NEW DELHI (Reuters) - "Alarmed by reports of a rapid fall in tiger numbers, Indian Prime Minister Manmohan Singh has ordered a police investigation and created a new taskforce to save the endangered species.
Environment and Forests Department spokesman Amit Singhal said a clearer picture of the decline in the tiger population across India would come in April when an expert panel finishes its own investigation. "Only then can we say conclusively whether the number of tigers has gone up or down," he said on Friday. "The problem is there in some reserves, but in certain reserves sightings have really gone up."
Indian media and wildlife activists have reported a dramatic drop in the number of tigers and an increase in poaching.

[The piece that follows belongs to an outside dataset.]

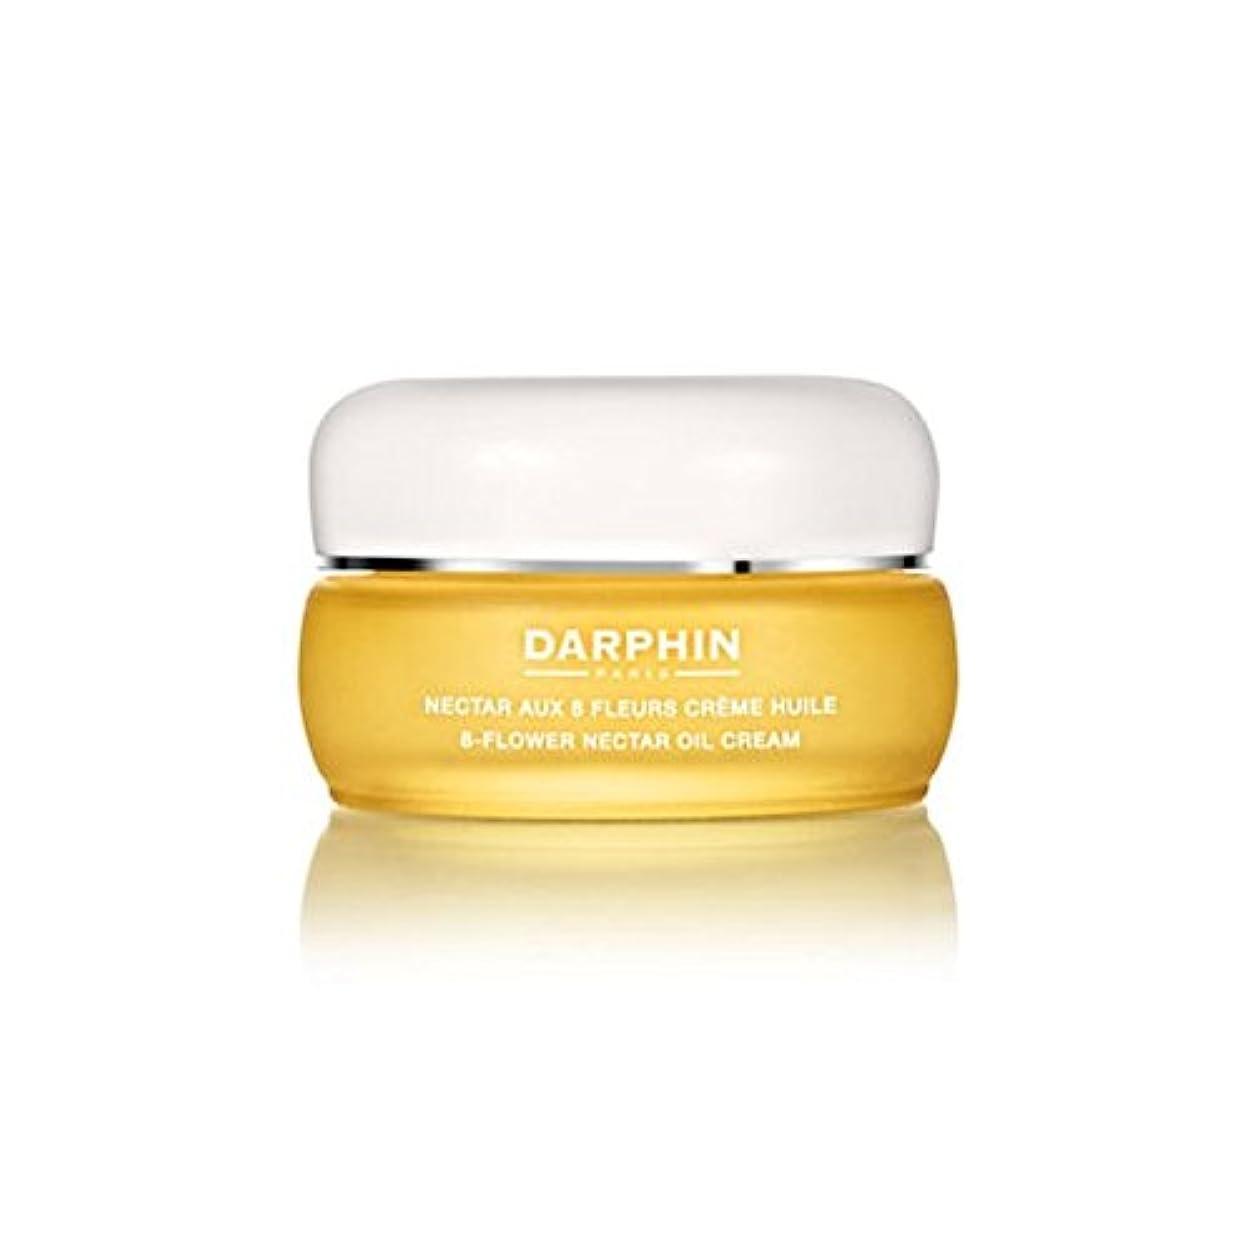 フォルダ誤バンドダルファン8フラワー油クリーム(30ミリリットル) x2 - Darphin 8-Flower Oil Cream (30ml) (Pack of 2) [並行輸入品]

On Thursday, Singh chaired a meeting of the national wildlife board -- it's first in 17 months -- and ordered a new taskforce of forest officials, wildlife experts and community leaders to report on the status of Project Tiger and the tiger population. He also banned giving tigers to foreign dignitaries and established a powerful wildlife crime prevention bureau. Officials say tigers may have been wiped out entirely in the Sariska sanctuary in the desert state of Rajasthan -- where the Project Tiger conservation program began in 1973 and where there were as many as 16-18 big cats a year ago.
Activists fear the story may be the same in sanctuaries across India, which has almost half the world's surviving tigers. "It's probably the biggest conservation scandal in modern times," Belinda Wright, executive director of the Wildlife Protection Society of India, said. "There are some parks with none or so few tigers it's not a viable population. Sariska has been an incredible wakeup call."